Chez Receptiviti, on pense avoir la solution. En remplacement des habituels questionnaires envoyés aux employé·es, l'entreprise créatrice d'applications d'intelligence artificielle (IA), basée à Toronto, propose d'analyser leur manière de communiquer. Mails, messagerie pro, conversations avec les collègues et les supérieur·es, chaque élément de langage est passé au peigne fin de la technologie afin de déterminer des schémas récurrents traduisant le bien-être ou le mal-être de l'employé·e.
Un décryptage minutieux des «signifiants»
Receptiviti ne se focalise pas uniquement sur les mots traduisant un sentiment («je suis frustré, fatigué», etc.), mais s'intéresse à tous les segments d'une phrase, prépositions et pronoms en tête. En 2013, l'un de ses cofondateurs, James W. Pennebaker, psychologue de formation, expliquait dans un TEDx talk, comment il était parvenu à cette méthode: «Moins de la moitié des mots que nous utilisons sont porteurs de sens. Ainsi, dans la phrase: “Je suis très frustré”, c'est uniquement le dernier mot qui permet de comprendre l'objet du message».

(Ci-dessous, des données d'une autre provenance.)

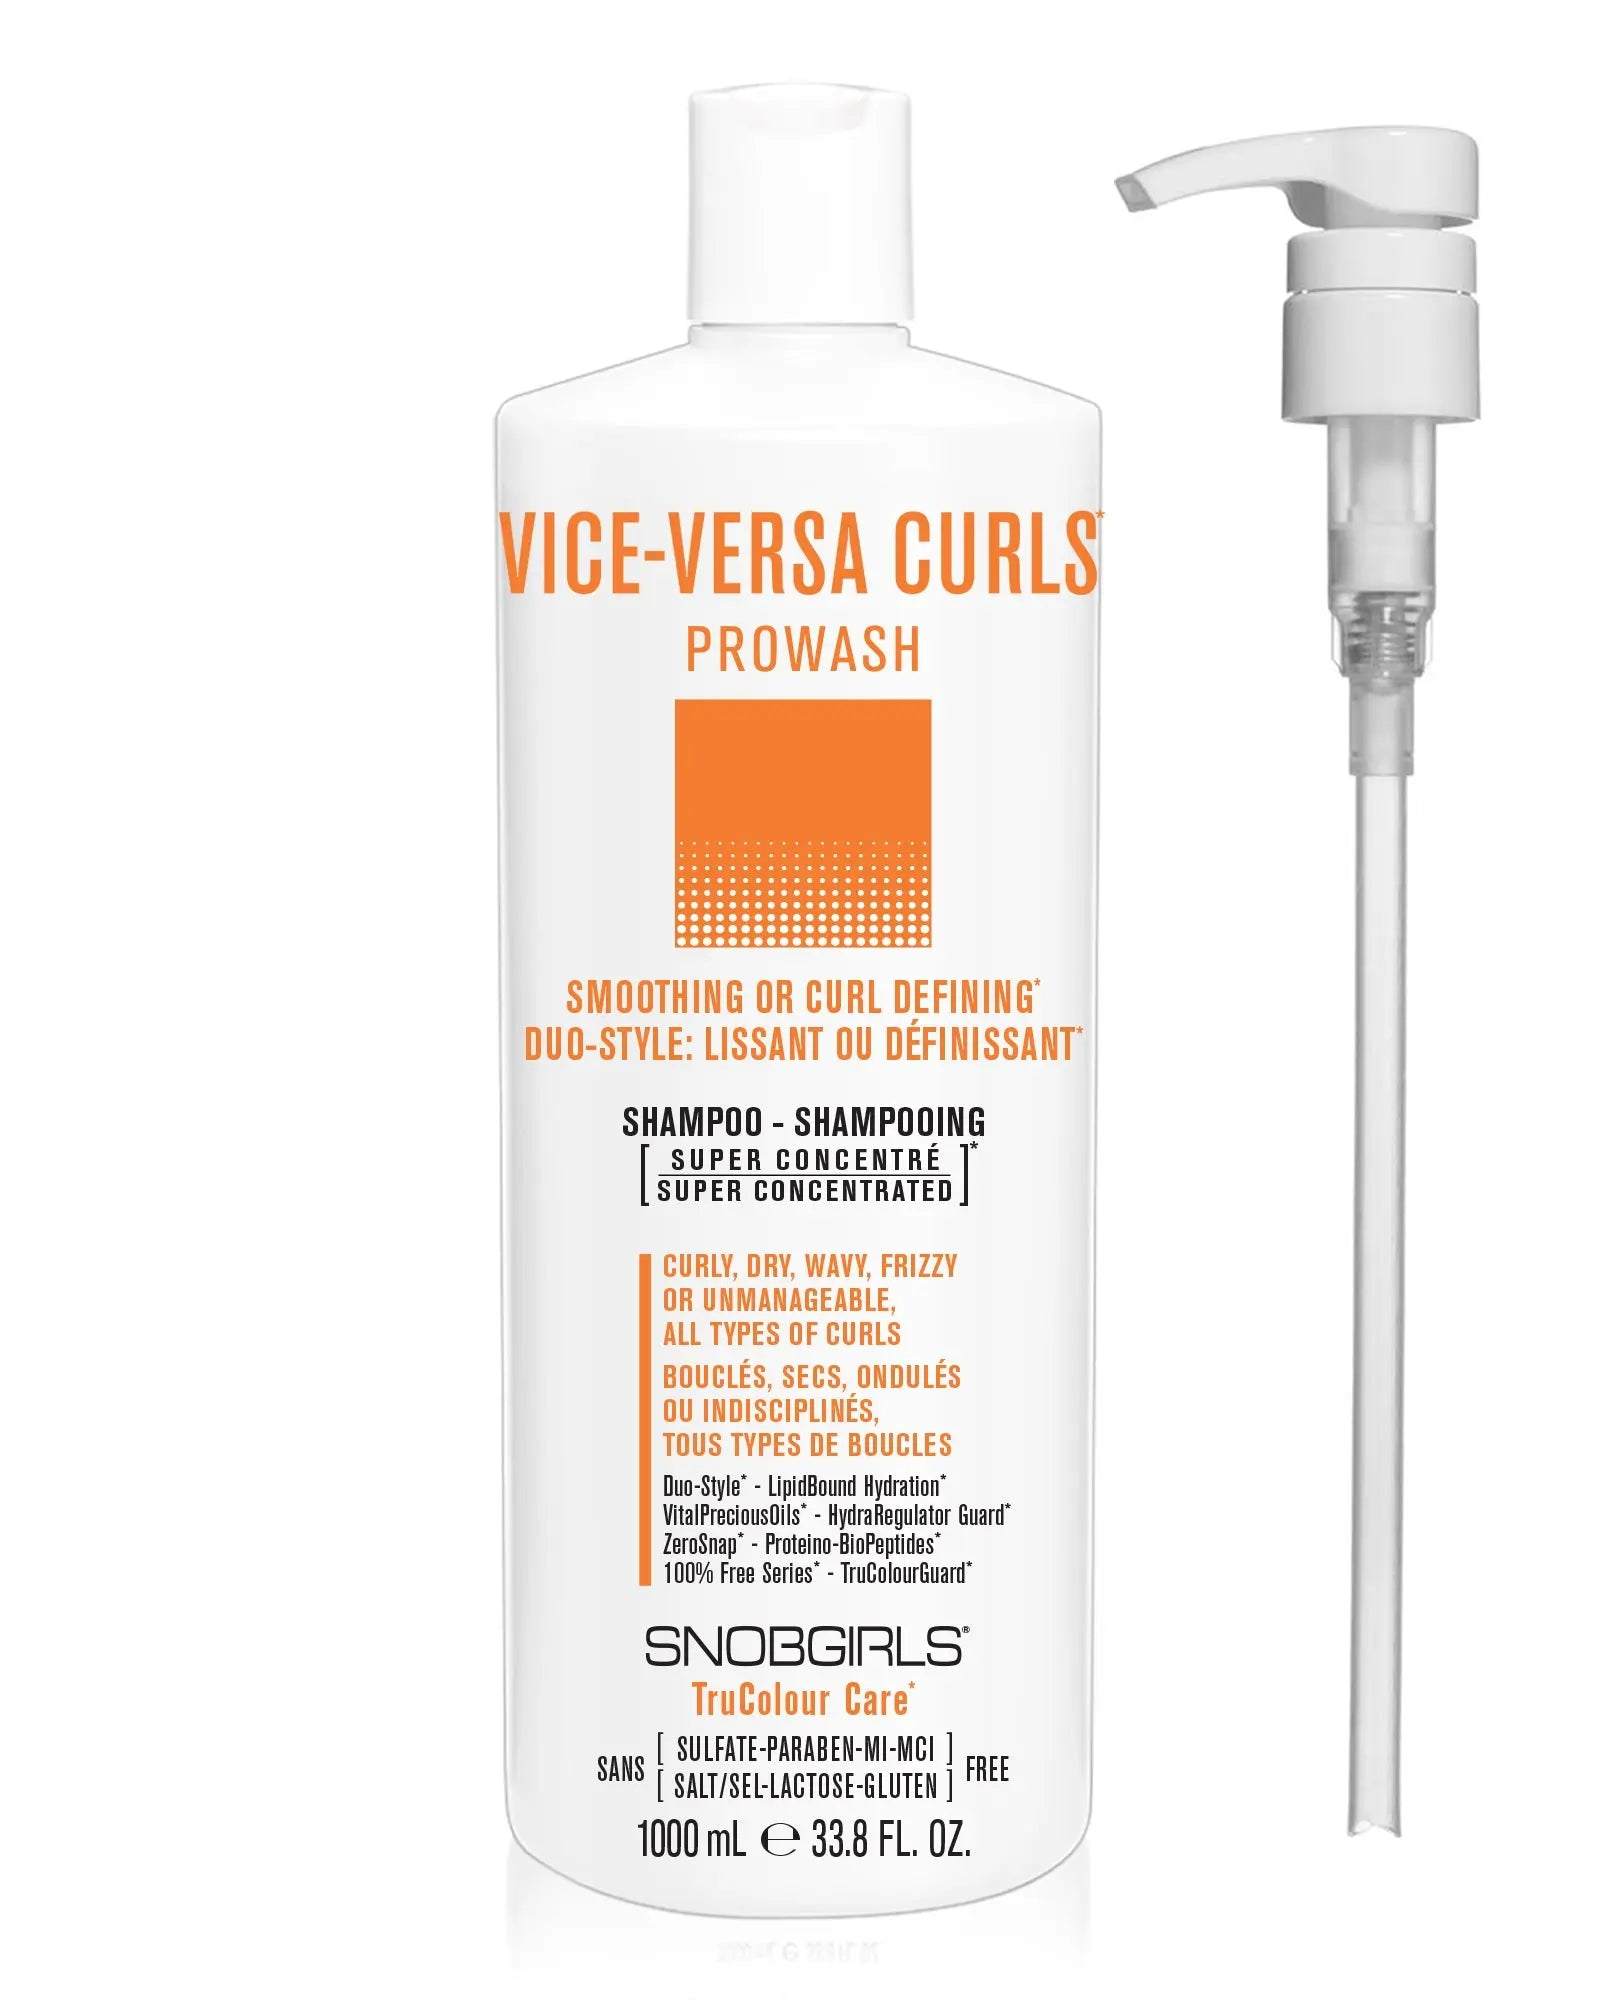 VICE-VERSA CURLS Prowash Vegan Hair Shampoo & Pump SNOBGIRLS

Mais, d'après Pennebaker, le reste du discours, plus subtil, n'en reste pas moins révélateur. Les personnes malheureuses ont ainsi tendance à utiliser de manière répétée les pronoms personnels «je» ou «moi», tandis que les mots faisant référence à une tierce personne («lui», «elle») sont nettement moins employés. Ces mêmes individus sont également plus disposés à parler du présent que du futur. Le psychologue va plus loin en expliquant que, pour une grande majorité de personnes, ces éléments de langages sont utilisés inconsciemment, d'où l'intérêt de les repérer le plus tôt possible.
Une démarche basée sur le volontariat
Si cette théorie n'est pas nouvelle, son application managériale n'a pas manqué de susciter quelques craintes légitimes. La comparaison a beau être rabâchée, la méthode n'est pas sans rappeler le Big Brother orwellien. Carolyn Axtell maîtresse de conférences en psychologie du travail à l'université de Sheffield en Grande-Bretagne, s'est inquiétée dans les colonnes de The Conversation de l'utilisation de la big data sur le lieu de travail et appelle à plus de clarté pour s'assurer que les employé·es soient tenu·es au courant.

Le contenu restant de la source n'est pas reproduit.